Audit Process
What is an audit?
I am not an accountant, so my explanation may fall a bit short, but an audit typically has a few parts:
- Develop a list of questions that are pertinent to the organization being audited.
- Examine the policies and procedures of the organization and determine the answers to these questions. This should include interviewing the people in the organization since many policies and procedures may not be written down.
- Select a sample set of data -- for instance one month's worth of transactions -- and check to see if the policies and procedures are being followed.
- Write a report summarizing the findings.
The questions
Obviously the list of questions is the key here. (Don't ask the right questions and the audit may be less than useful.) Depending on the organization there are some standard questions that can be found and included. Assume we're taking money in at fundraising events, doing bookkeeping tasks, paying bills, etc. Example questions might be:
- Do cashiers count the money before handing it over to someone else who also counts the money?
- Is the money counted in view of other workers? Who?

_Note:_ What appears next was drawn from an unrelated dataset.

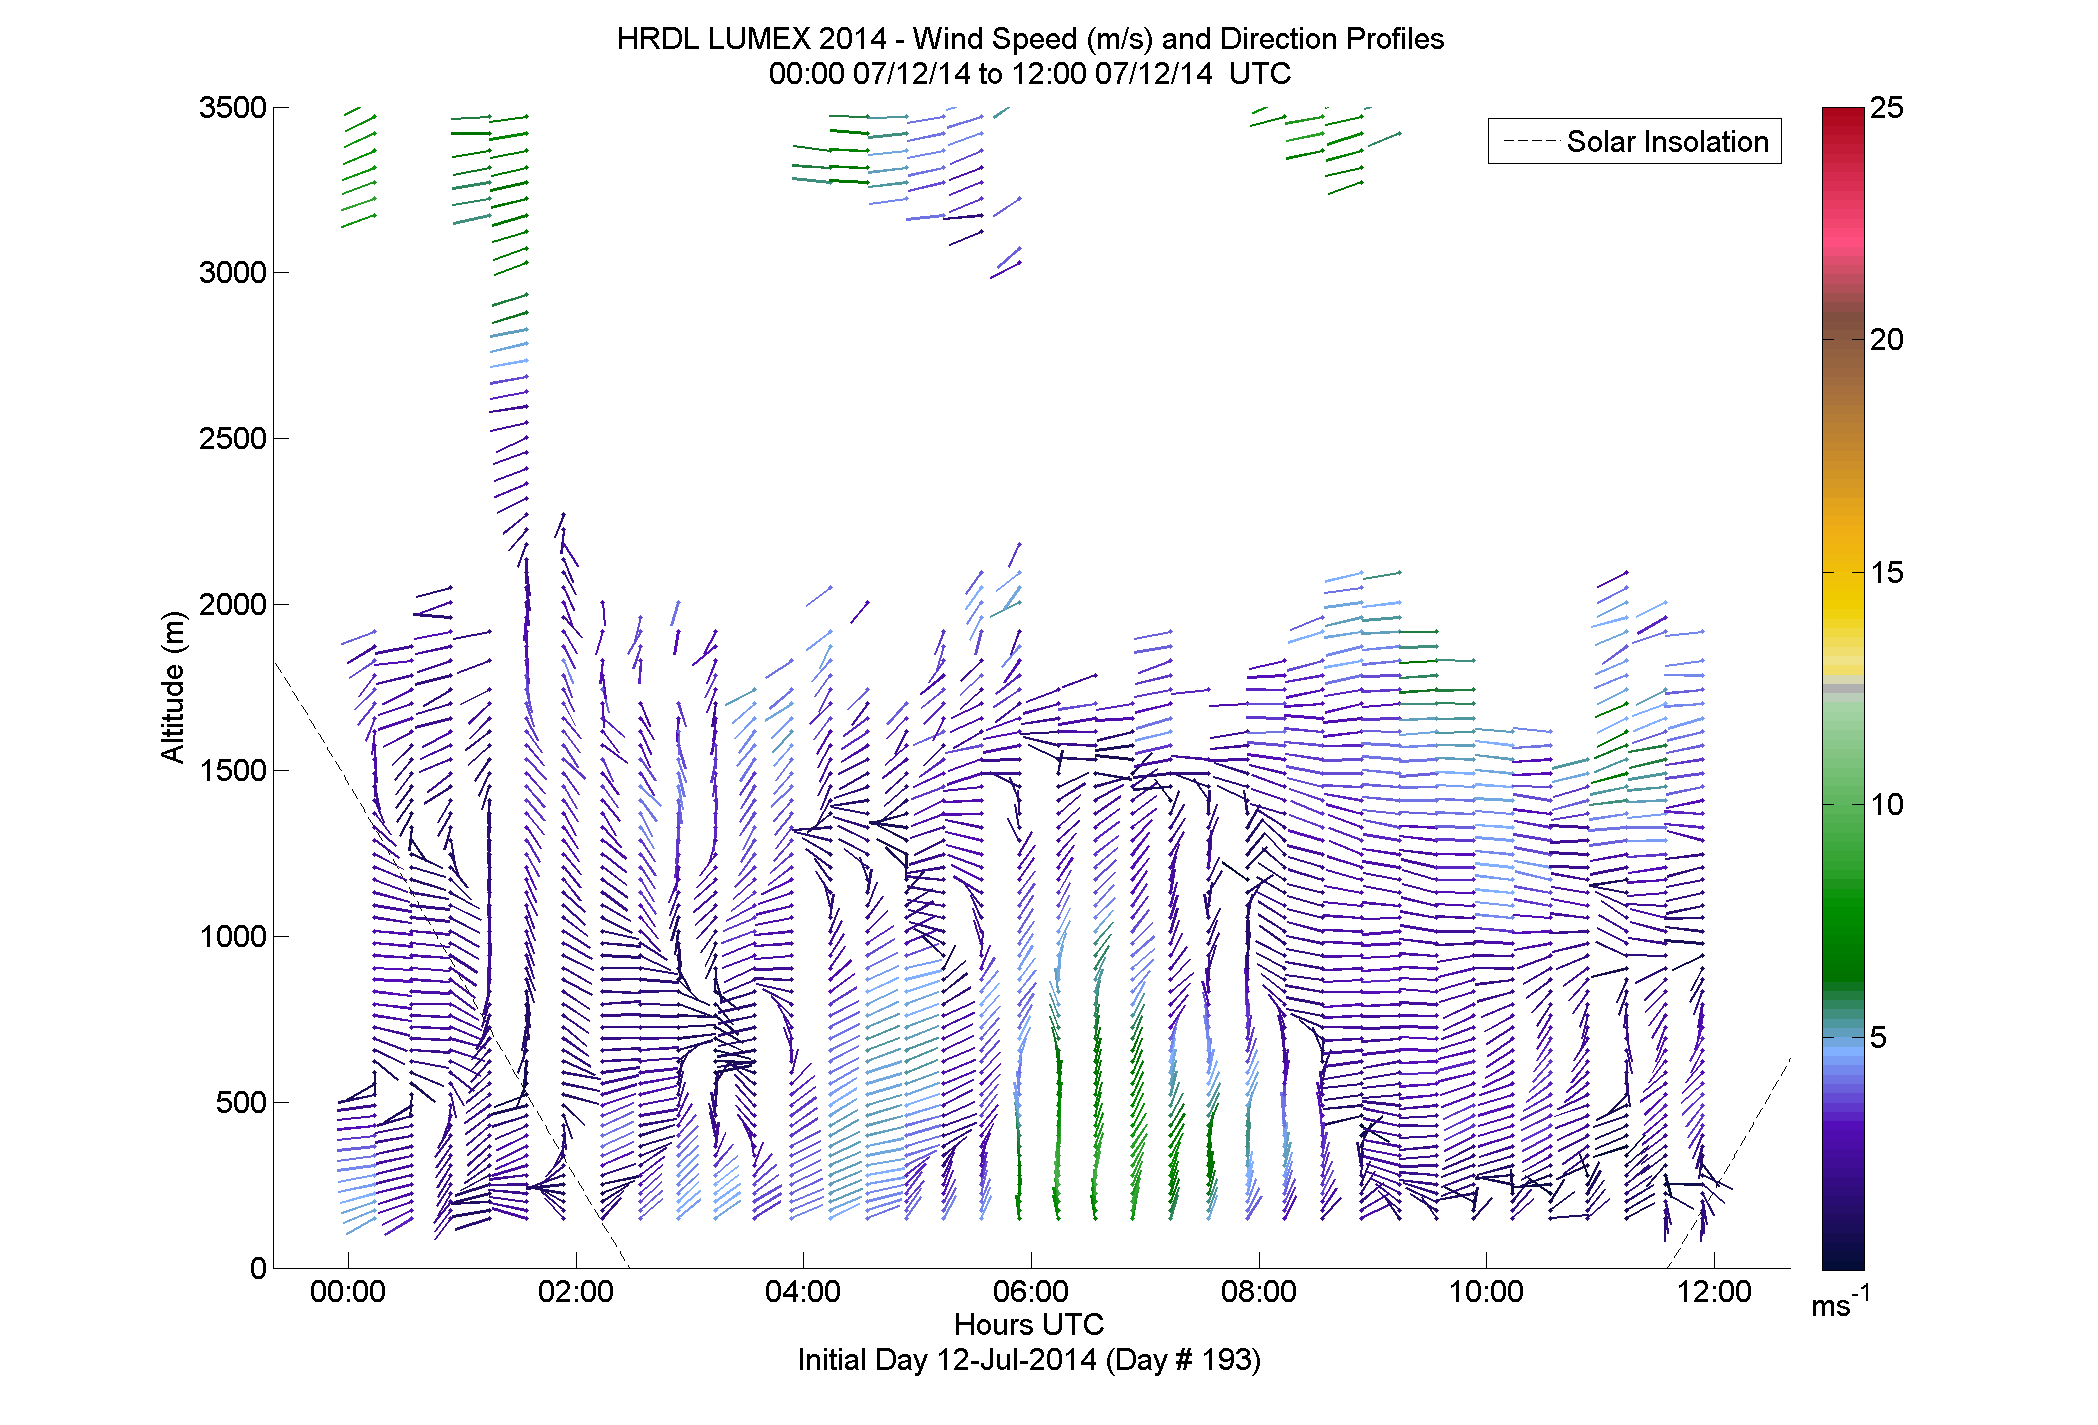 HRDL speed and direction profile - July 12 am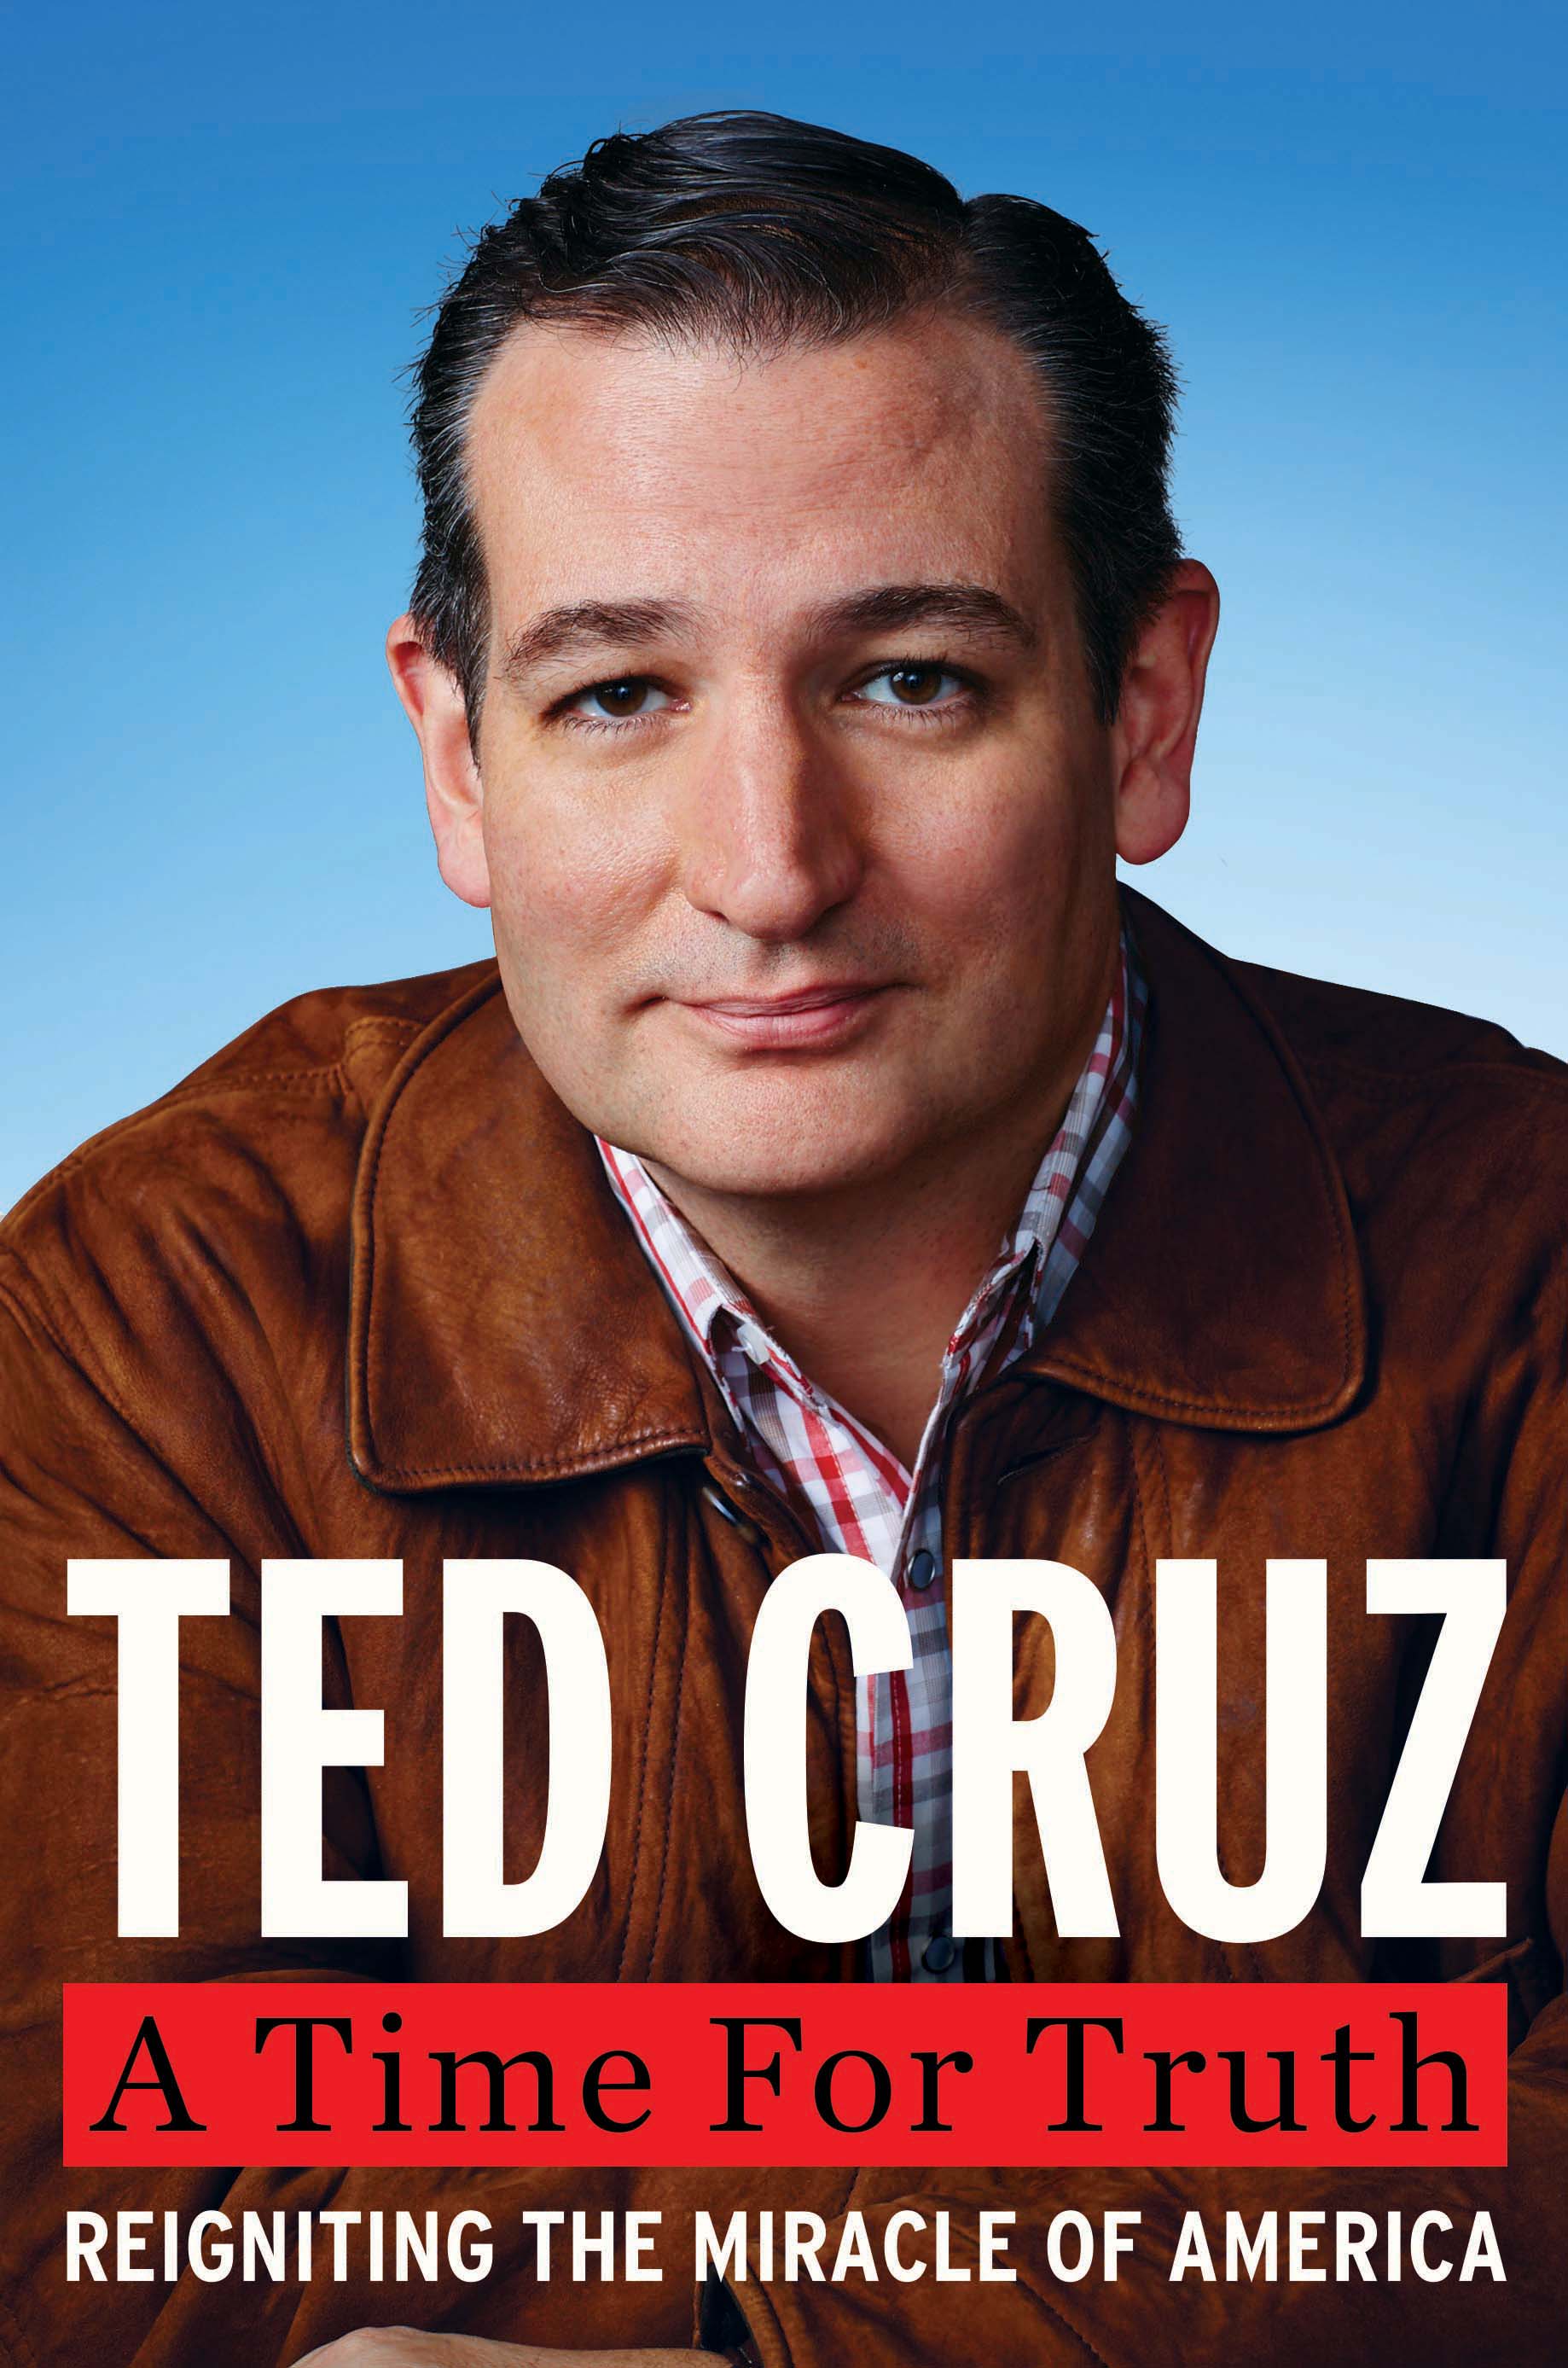 Texas Sen. Ted Cruz's 2015  book also pitches him as a truth teller, with a casual portrait and the title  A Time for Truth.

- Is the person who keeps the books able to sign checks?
- Are checks endorsed with a stamp at the time they are received?
- Who has access to the debit card?
- Who has authority to use the debit card?
- Who has access to the check book?
- Who has authority to sign checks?
- Who prepares checks to be signed?
- How are cash advances handled?
- How are IOUs handled?
The report
Problems that can be found by an audit given the questions above could be:
- One person is being relied on to do all the "money things", including both bookkeeping and check signing. This could lead to at leasst two problems:
- All your chickens in one basket. If that person gets hit by a truck, what happens?
- Allowing someone access to account for the money (perhaps creatively) and sign checks invites an unscurpulous but trusted person to embezzle funds.
- Counting money alone and in secret also is an invitation to pocket some of the money.
- If two separate people count the cash, then they have a tendency to keep each other honest. They would have to conspire in some way to take the organizations funds from the tills.
Who conducts an audit
Audits can be external or internal. An external audit is when an outside person conducts the audit. An internal audit finds someone in the organization (who doesn't have control of the money) to conduct the audit.
Ideally people who make the policies for the organization and the workers involved with the finances (bookkeepers, cashiers, etc.) all have an awareness of these kinds of finance accountability issues. To the degree that they do, and internal audit shouldn't turn up many surprises. Likewise, if an internal audit is conducted prior to an external audit, then the external audit should turn up few surprises.
Recommendations
We should develop a list of audit questions that seem appropriate to our organization and then conduct an internal audit. The report resulting from this should be fed back into our tweaking our polices and procedures, refining them.
After the audit we should also maintain a list of audit questions that are appropriate to our organization, adding to it.
Good audits are specific and customized to each organization. They are an ongoing process that morphs as people in the organization grow in awareness about financial accountability issues.